Fly Load Balancer Seems to Drop All Packets After First in TCP Relay?

Hi All,

I’m attempting to test a permission-less Wireguard Relay I wrote but it looks like the Fly load balancer is blocking all subsequent TCP packets after the first is sent back to the requester. I’ve tested this same container on a standard VPS and it all seems to be working there so I’m curious if something might be different with the Fly networking stack? For this testing system I’m running the fly app (named hyprspace-testing) as a relay which accepts tcp connections (I’m not using any http handlers) and then forwards them over a Wireguard connection to a backend webserver (http://138.68.6.135:8080/). On the backend I can see that the connections are correctly getting through to the webserver and it’s responding to the relay. I can even see that the relay is accepting the packets through the UDP port but it seems like they’re getting dropped going from the Fly app to the load balancer?

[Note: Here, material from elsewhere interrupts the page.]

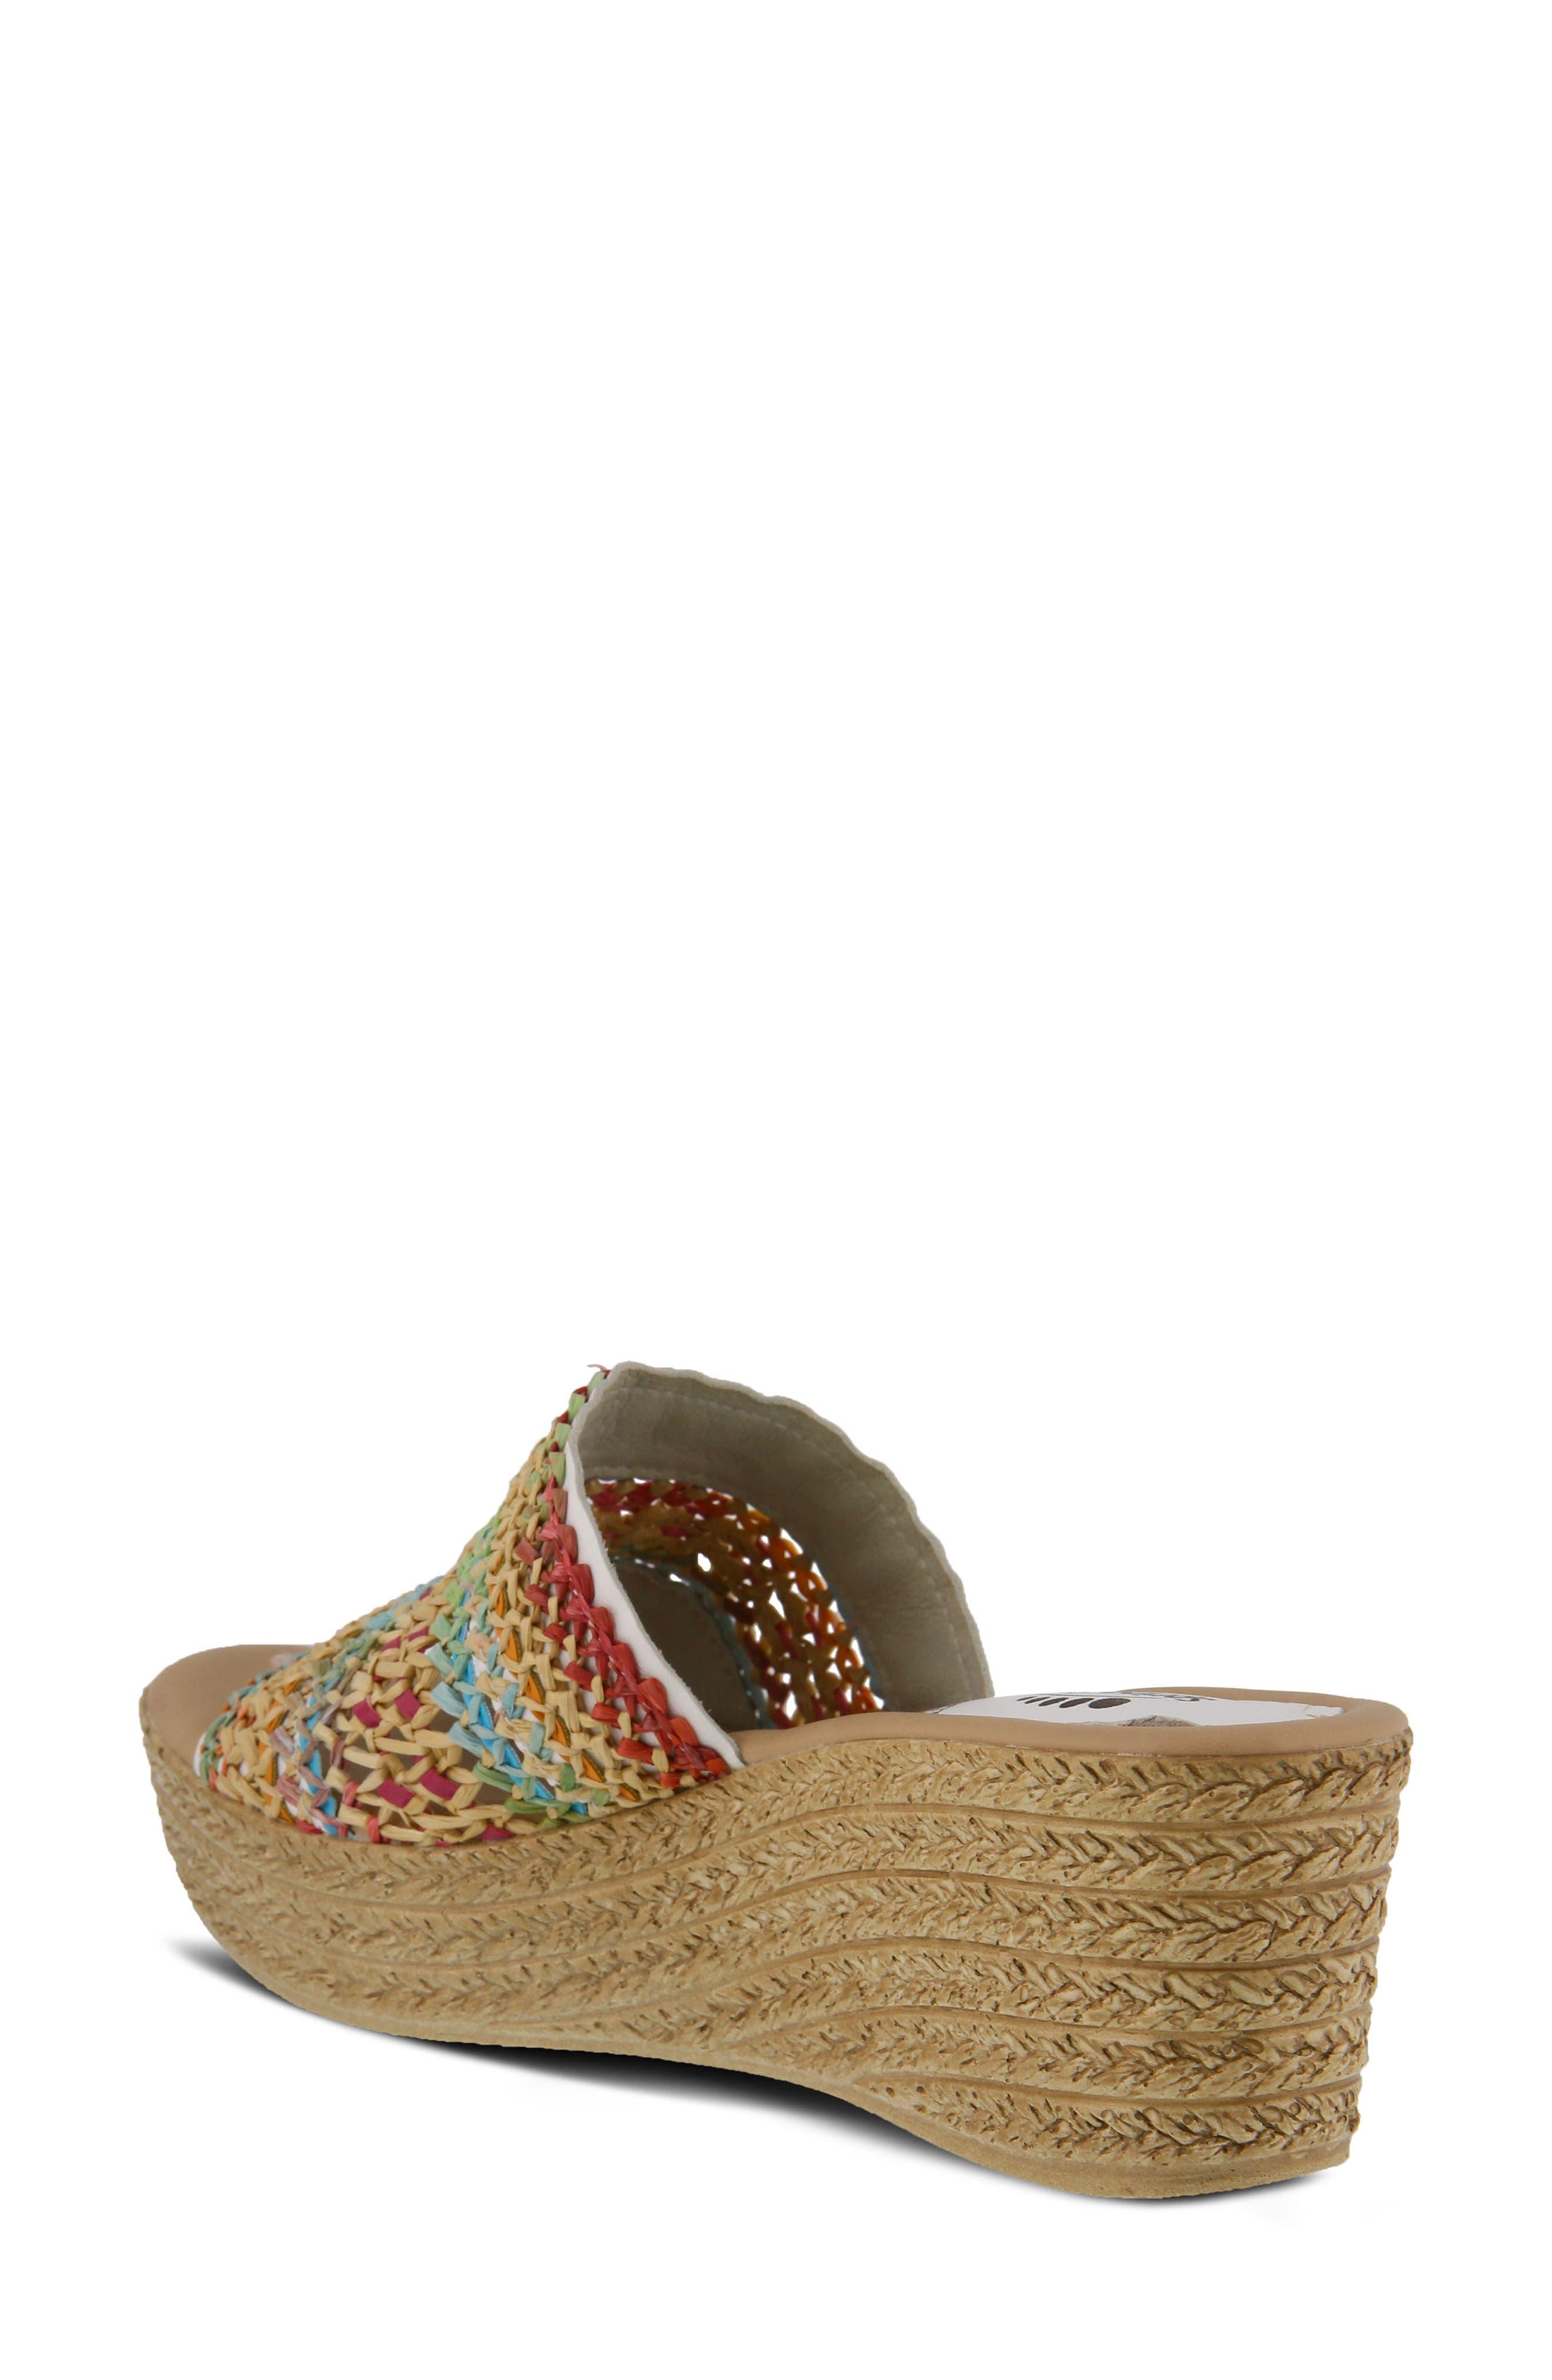 Calci Espadrille Wedge Sandal,                             Alternate thumbnail 2, color,                             White Leather

Here is the fly.toml I’m using.

app = "hyprspace-testing"

kill_signal = "SIGINT"
kill_timeout = 5

[build]
  image = "ghcr.io/hyprspace/relay:main"

[[services]]
  internal_port = 8080
  protocol = "tcp"

  [[services.ports]]
    port = "80"

[[services]]
  internal_port = 53
  protocol = "udp"

  [[services.ports]]
    port = "53"

[env]
  RELAY_PRIVATEKEY = "RELAY-PRIVATE-KEY"
  RELAY_PUBLICKEY = "RELAY-PUBLIC-KEY"
  RELAY_CLIENT_KEYS = "CLIENT-PUBLIC-KEY"
  RELAY_PORT = "53"
  RELAY_CLIENT_IPS = "10.0.0.2/32"
  RELAY_CLIENT_PORTS = "8080"

And here’s a screenshot of the Wireguard connection from the perspective of the backend web server.

image

Thank you all for your time!

Best,
Alec

Let’s get this working. I want to make sure I understand all the pieces here:

  1. You’re running your own WireGuard, in your VM? You’re not using our WireGuard peering connections?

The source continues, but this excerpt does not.